- **Exercise data**
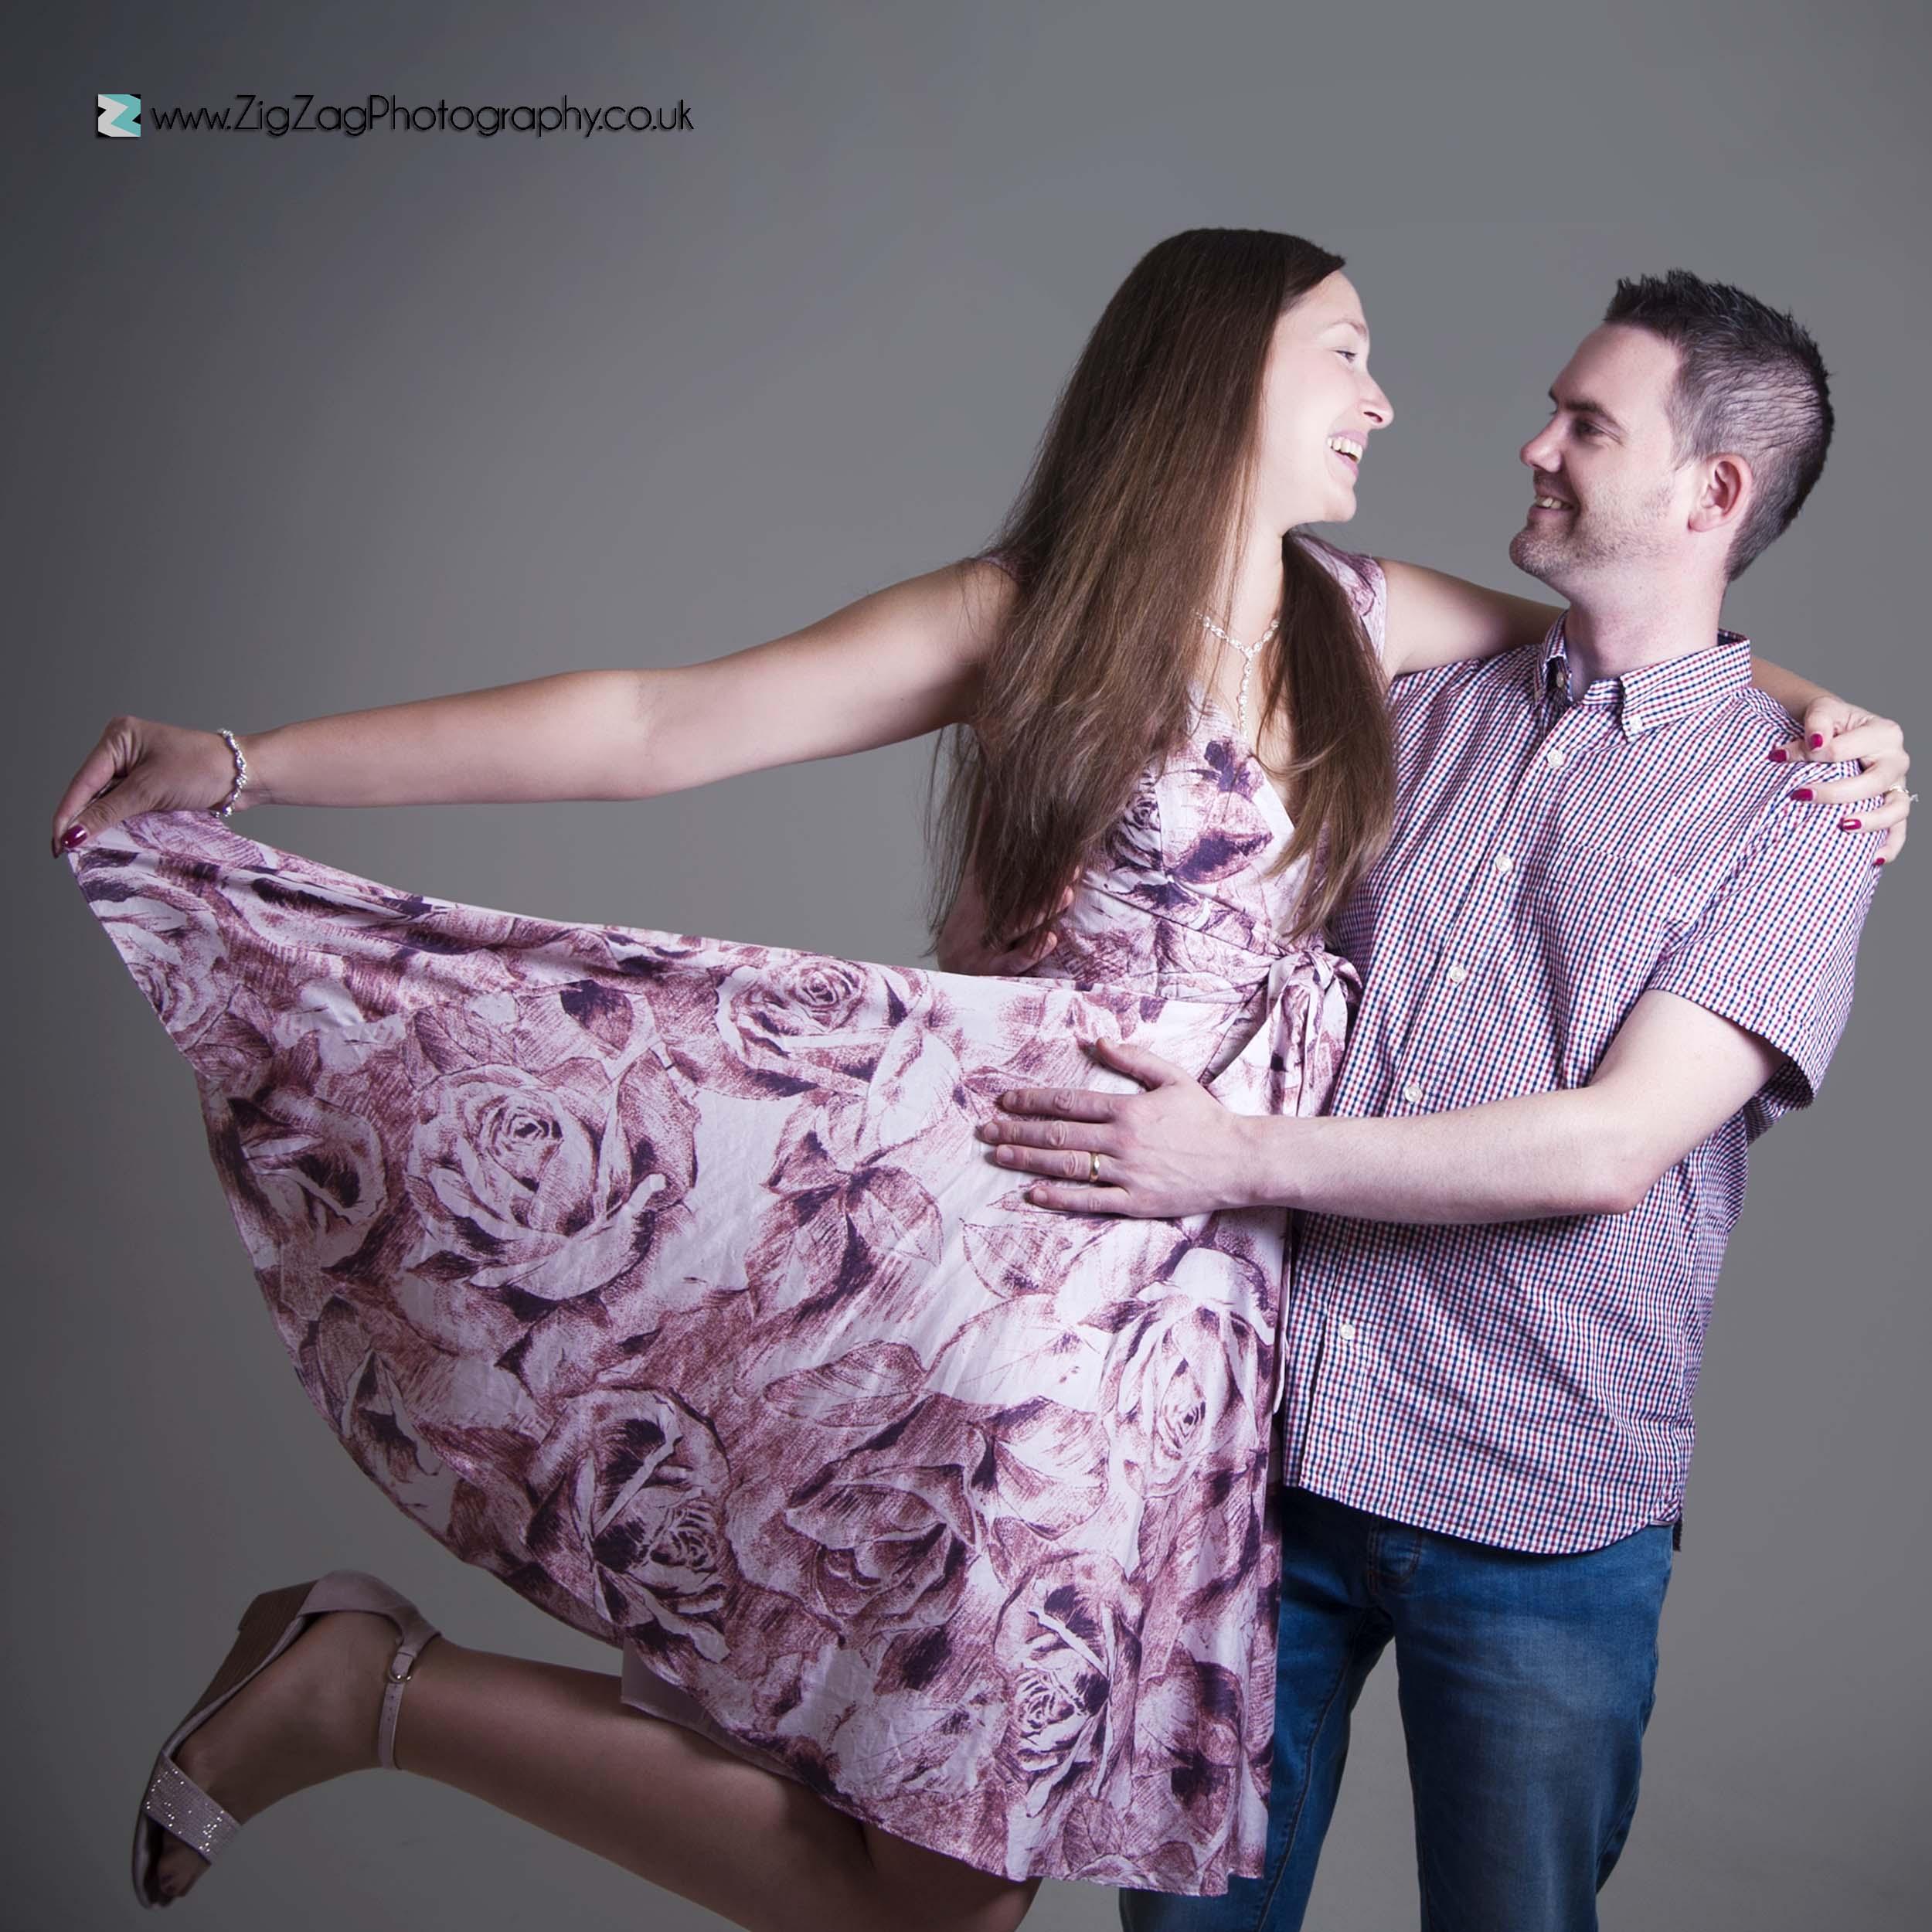 photography-session-leicester-studio-photoshoot-zigzag-dress-couple-love-romantic-happy-smiles.jpg
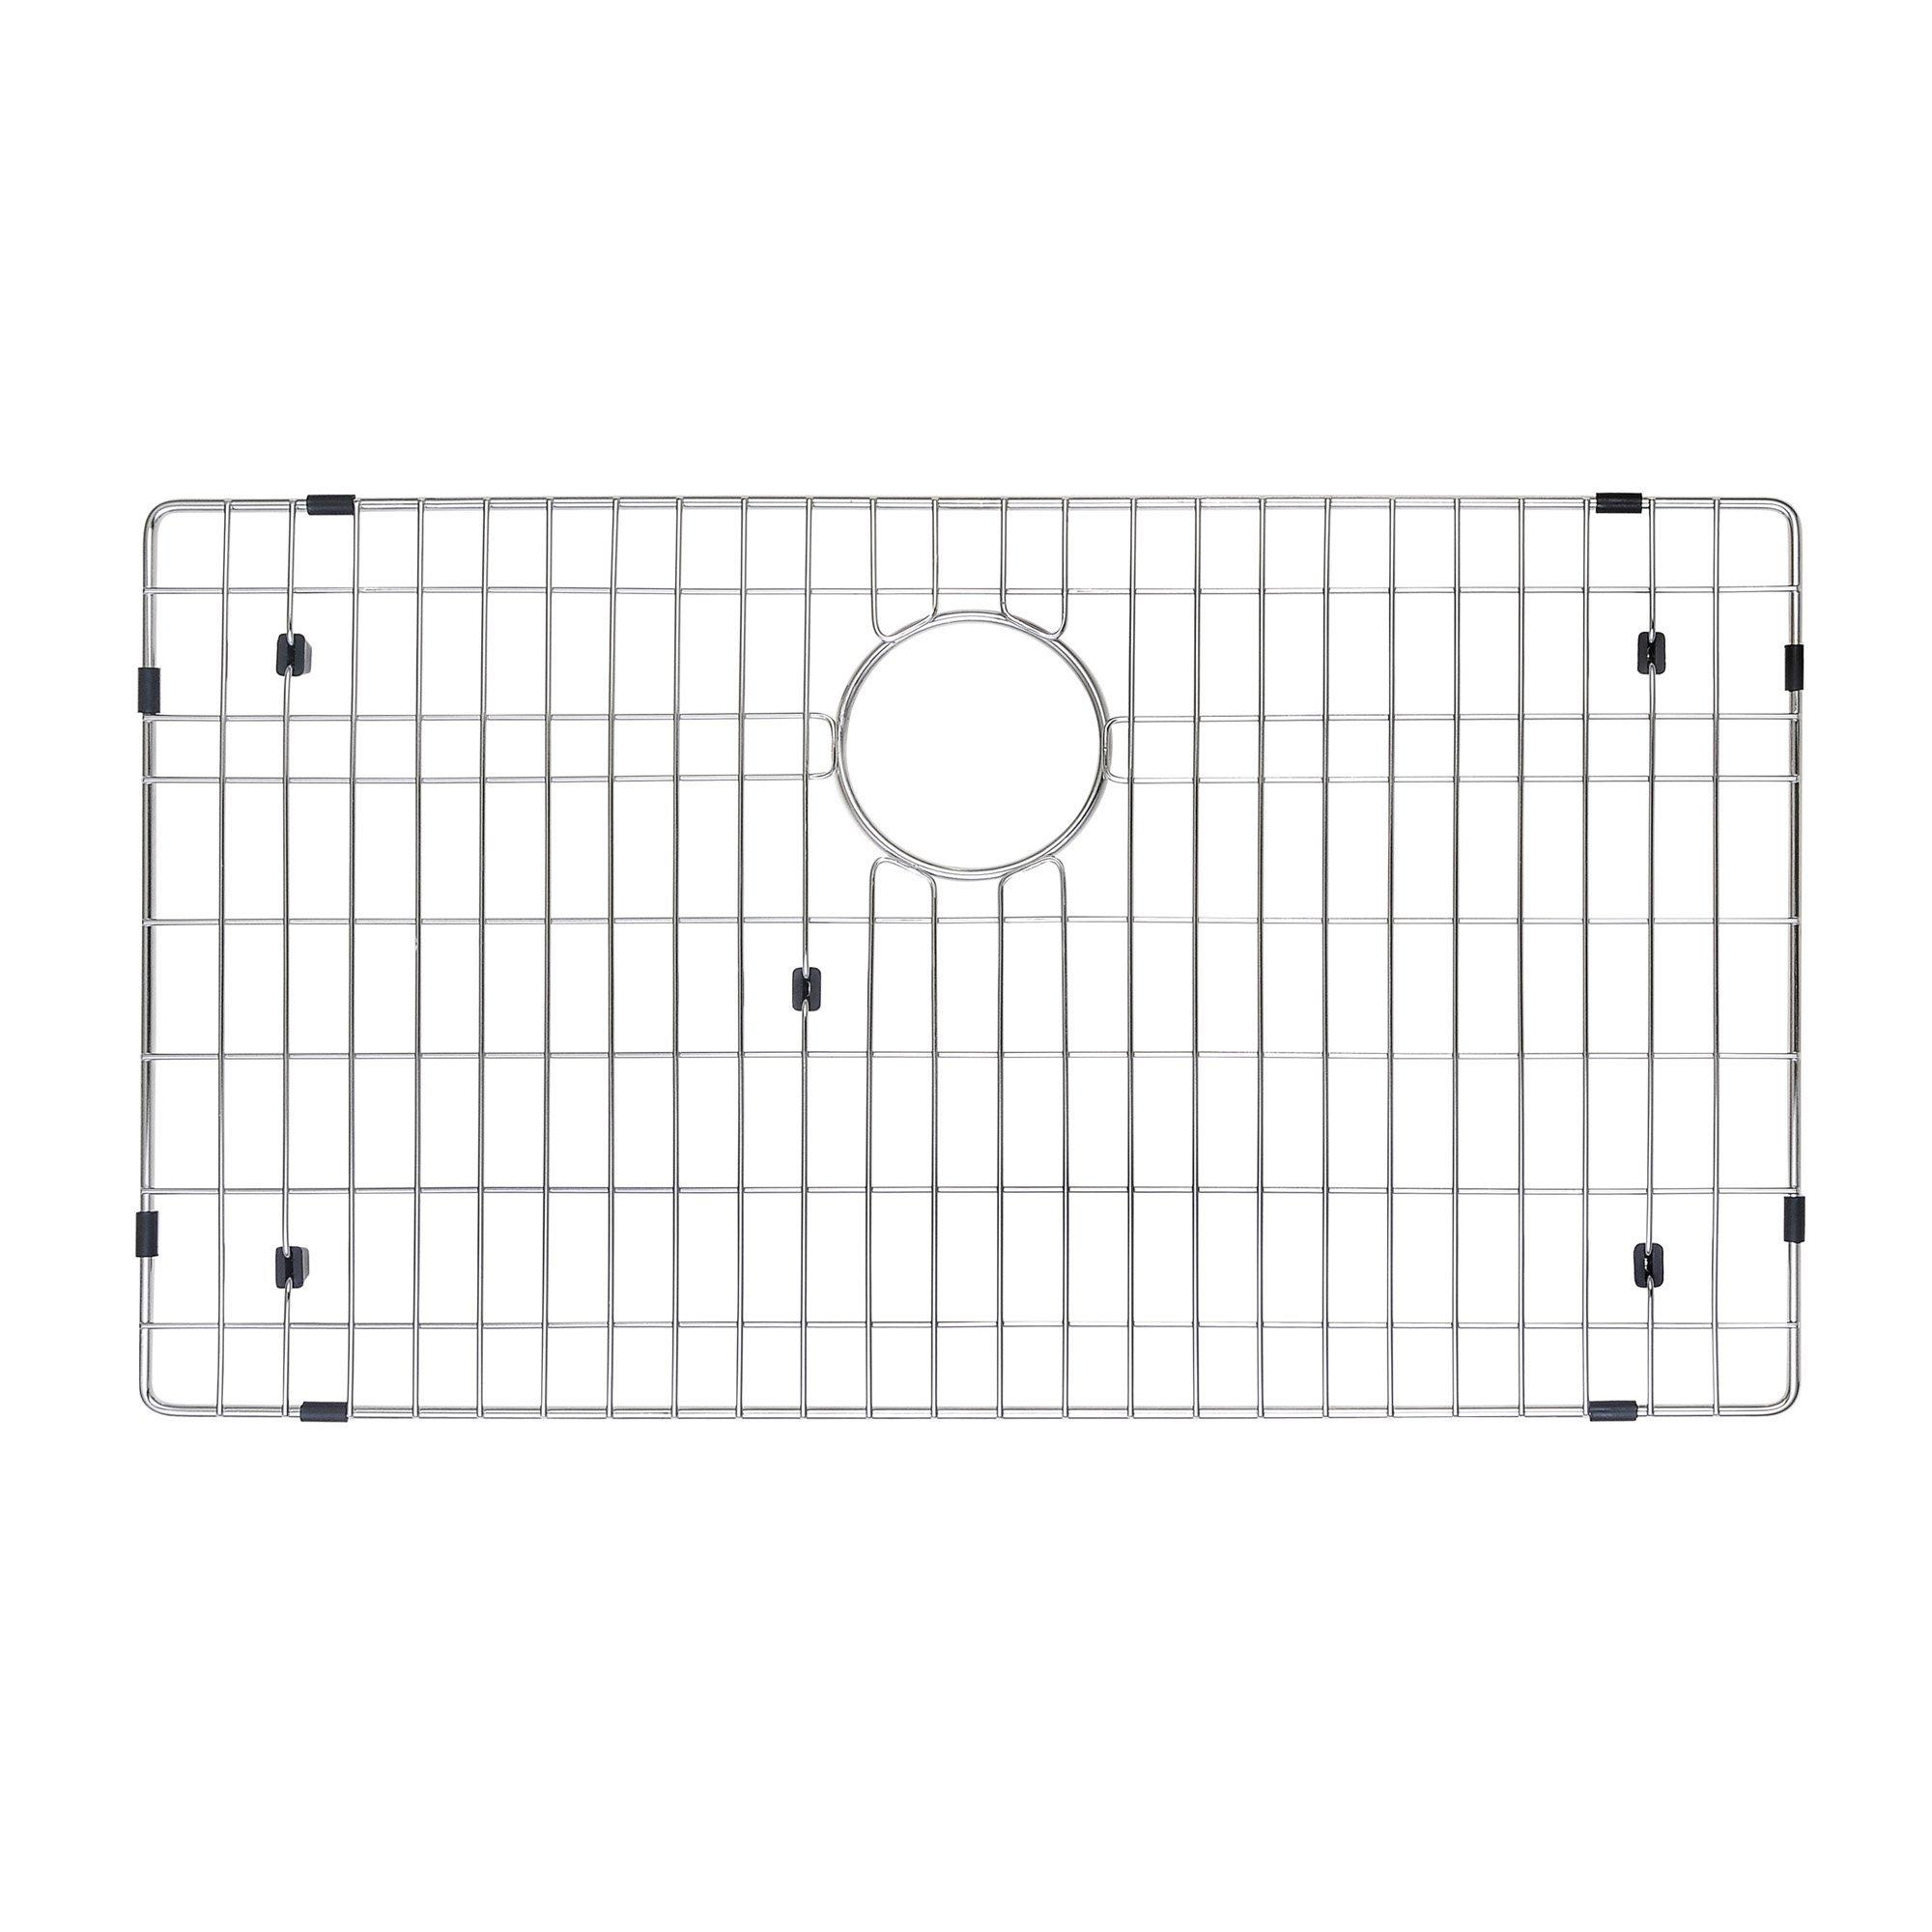 Kraus KEA-14445BN Aura Bathroom Accessories - Shelf with Railing Brushed Nickel by Kraus (Image #8)
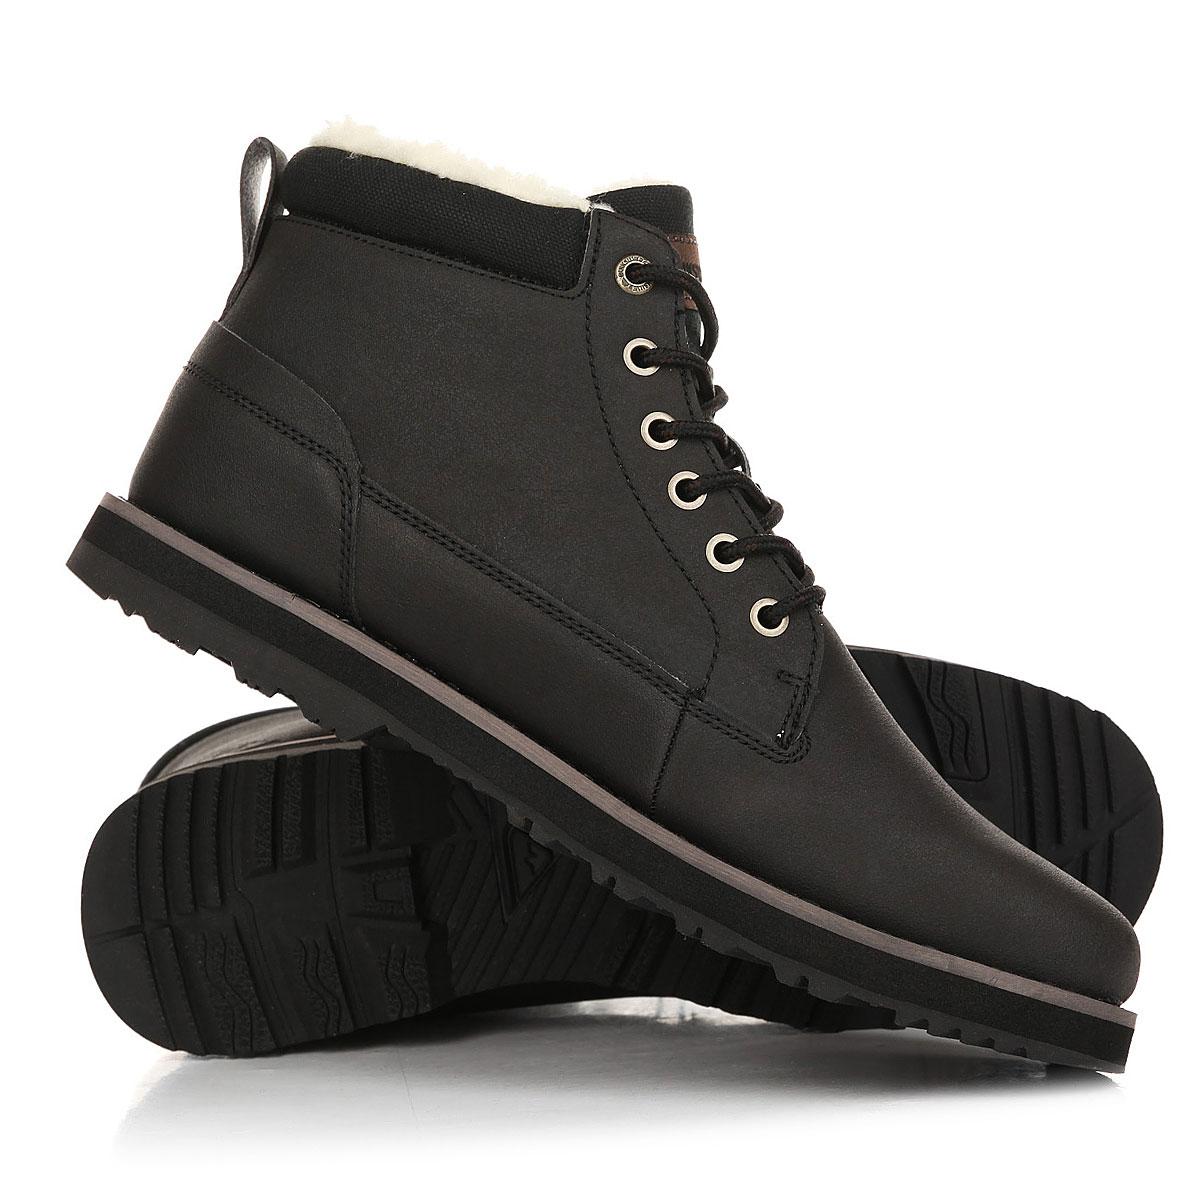 a94dbfec8 Купить ботинки зимние Quiksilver Mission Boot Solid Black ...

- **Directions for this task**
Please return, exactly and with pictures omitted, the lines from the line holding "Kraus KEA-14445BN Aura" through the end of the data above, inclusive.

- **Reply**
 Kraus KEA-14445BN Aura Bathroom Accessories - Shelf with Railing Brushed Nickel by Kraus (Image #8)
 a94dbfec8 Купить ботинки зимние Quiksilver Mission Boot Solid Black ...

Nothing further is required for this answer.